Insights | March 30, 2023

AAA CMBS: Loss-remote, liquid, and cheaper than IG

10-Year AAA CMBS Spread vs. IG Corporate Bond OAS

GMO_AAA CMBS - Loss-remote liquid and cheaper than IG_3-23_exhibit 1.JPG

Source: JP Data Query, Bloomberg
Chart shows 10-year new issue AAA CMBS spread to Treasuries versus the option-adjusted spread of the Bloomberg Investment Grade Corporate Bond Index.

Fixed income spreads have widened across sectors over the past few months. With a looming recession and continued inflationary concerns, our preference is to own assets that can withstand credit shocks and compensate well for the downside risks assumed. In this context, we believe structured credit is a compelling alternative to corporate credit, offering ample spread relative to the underlying risks.

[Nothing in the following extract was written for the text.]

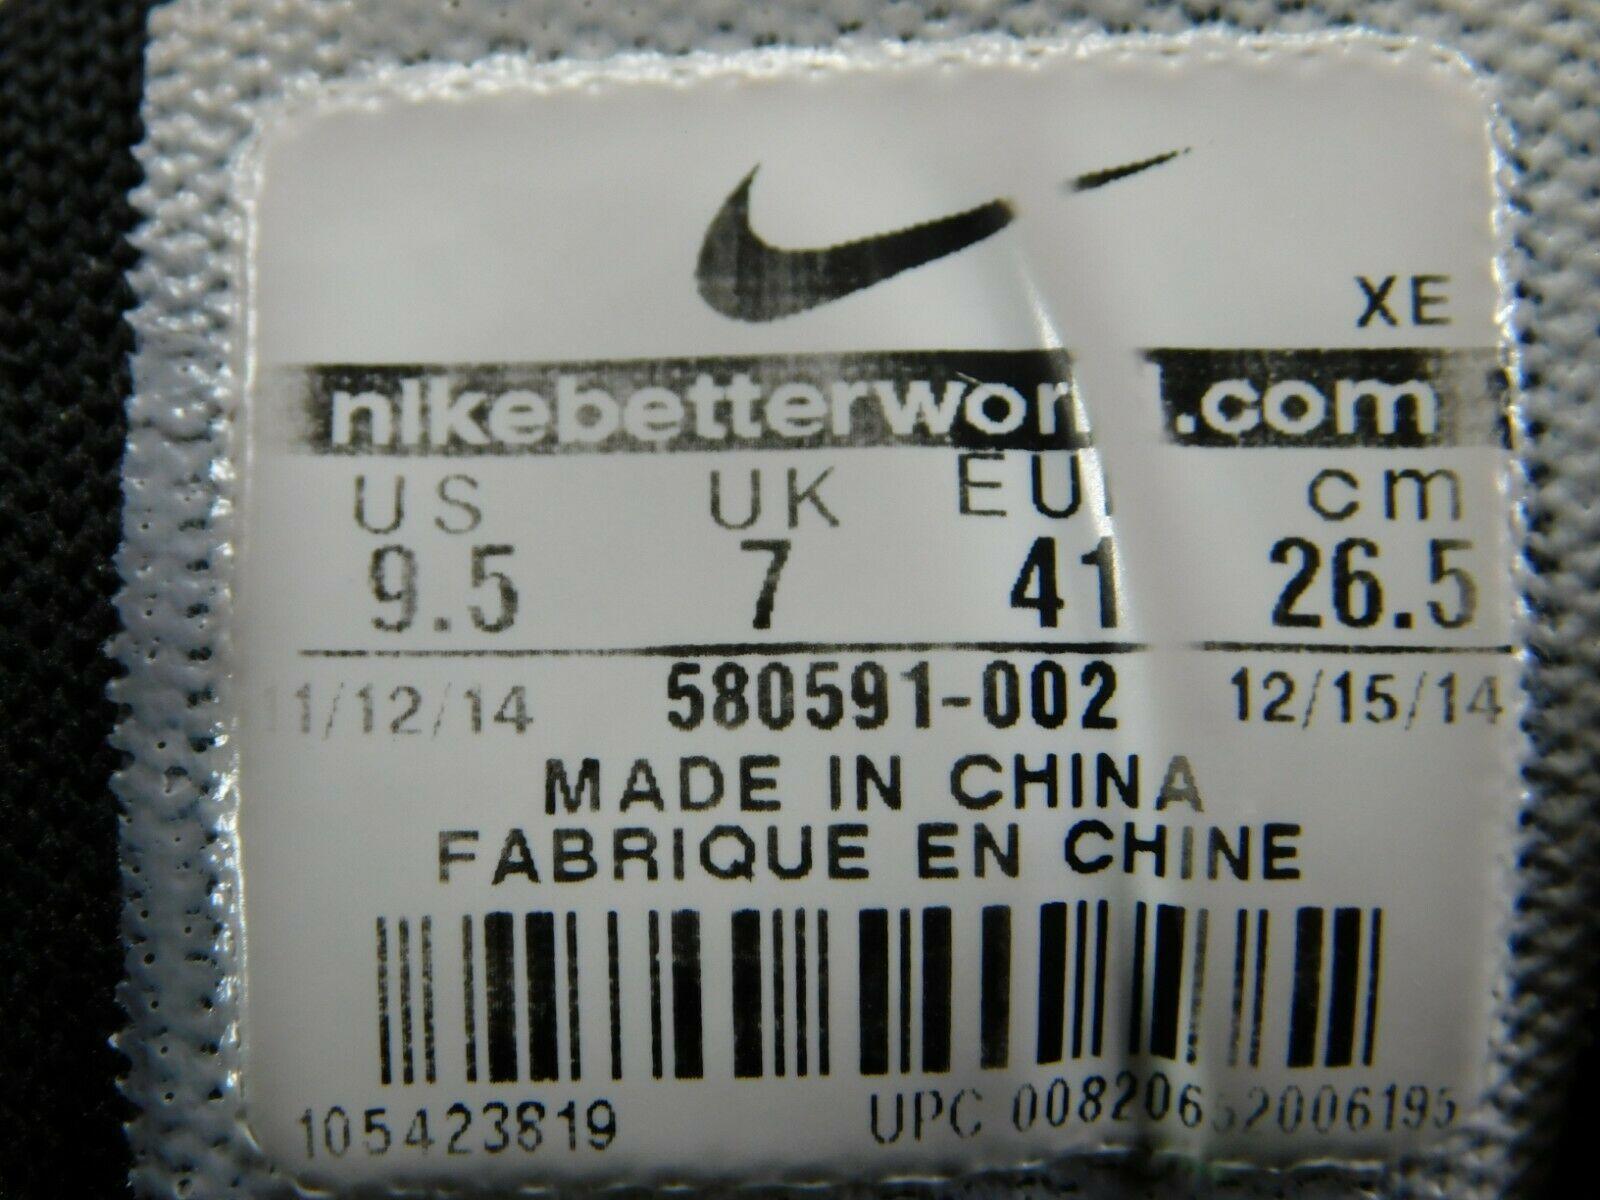 Nike Free 5.0+ Size US 9.5 M (D) EU 41 Women's Running Shoes Black 580591-002 image 11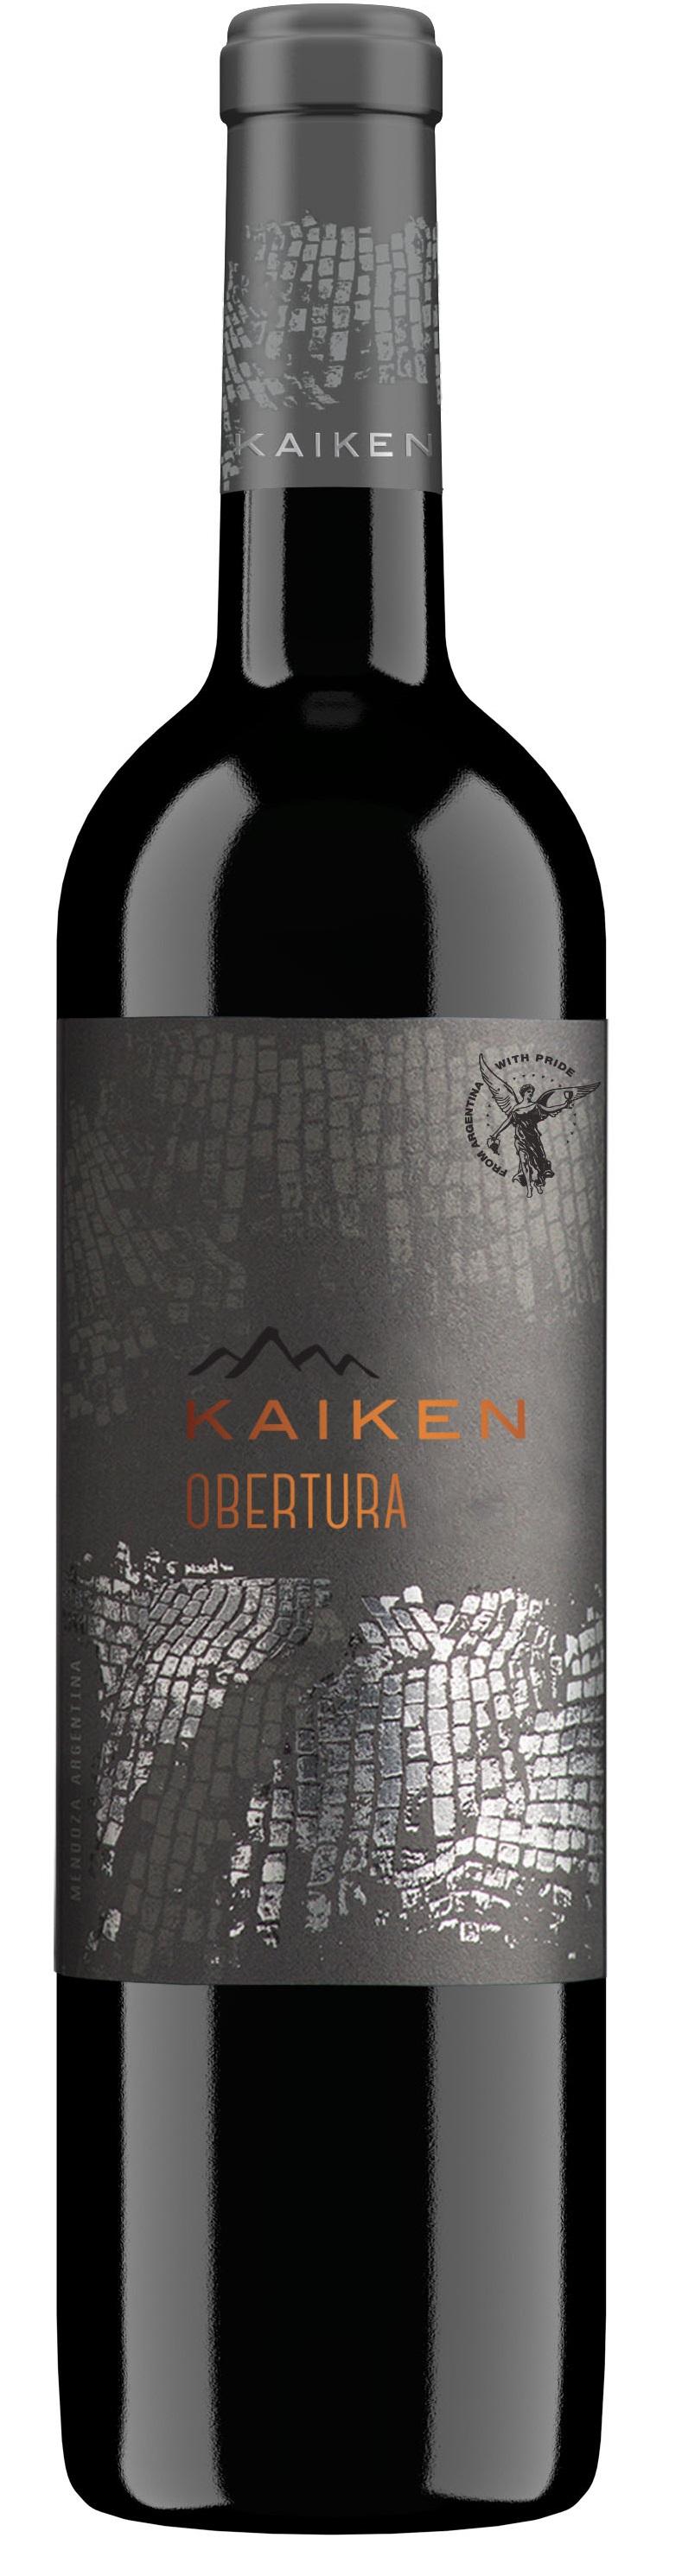 Kaiken, Obertura Uco Valley Cabernet Franc 2014

  • CMBS spreads, for example, are currently the cheapest they’ve ever been relative to comparable corporate bonds, presenting a rich, value-driven opportunity in the sector.
  • Headwinds, such as tighter credit conditions and inflationary pressures in the form of higher property and financing expenses, do exist. As do secular challenges, such as the proliferation of work-from-home practices, that have negative valuation effects.
  • But we believe current spreads at AAA levels more than compensate investors for these risks.
  • AAA CMBS is a liquid, loss-remote sector that has historically traded inside IG corporates. Amid the negative narrative surrounding commercial real estate and potentially limited credit availability, however, they now offer 30 bps more in spread.
  • The spread on these senior claims now rivals what lenders have been paid for making mortgage loans, which are a form of illiquid non-diversified risk with no loss protection.
  • AAA CMBS also have features that we believe help to mitigate the risk of principal loss or extension:
    • They have 30% credit support, a loss level that has never been breached, not even during the GFC.
    • Among the most aggressively underwritten pre-GFC vintages, losses only reached 11.17%, implying a coverage ratio of 2.7x. This coverage ratio should keep these bonds safe from nearly any ratings downgrade.
    • As new 10-year loans, these bonds do not need capital markets to be open in the near to medium term, shielding them from refinancing risk.
  • Structured credit is an inherently fragmented and inefficient market, as this CMBS opportunity illustrates. This ability to obtain high spread with much lower risk relative to other credit assets is what we think makes structured credit a vital tool in a fixed income portfolio.
  • GMO’s Opportunistic Income Strategy, which follows an unconstrained, value-driven approach to investing in structured credit, has meaningfully increased exposure to AAA CMBS in recent months.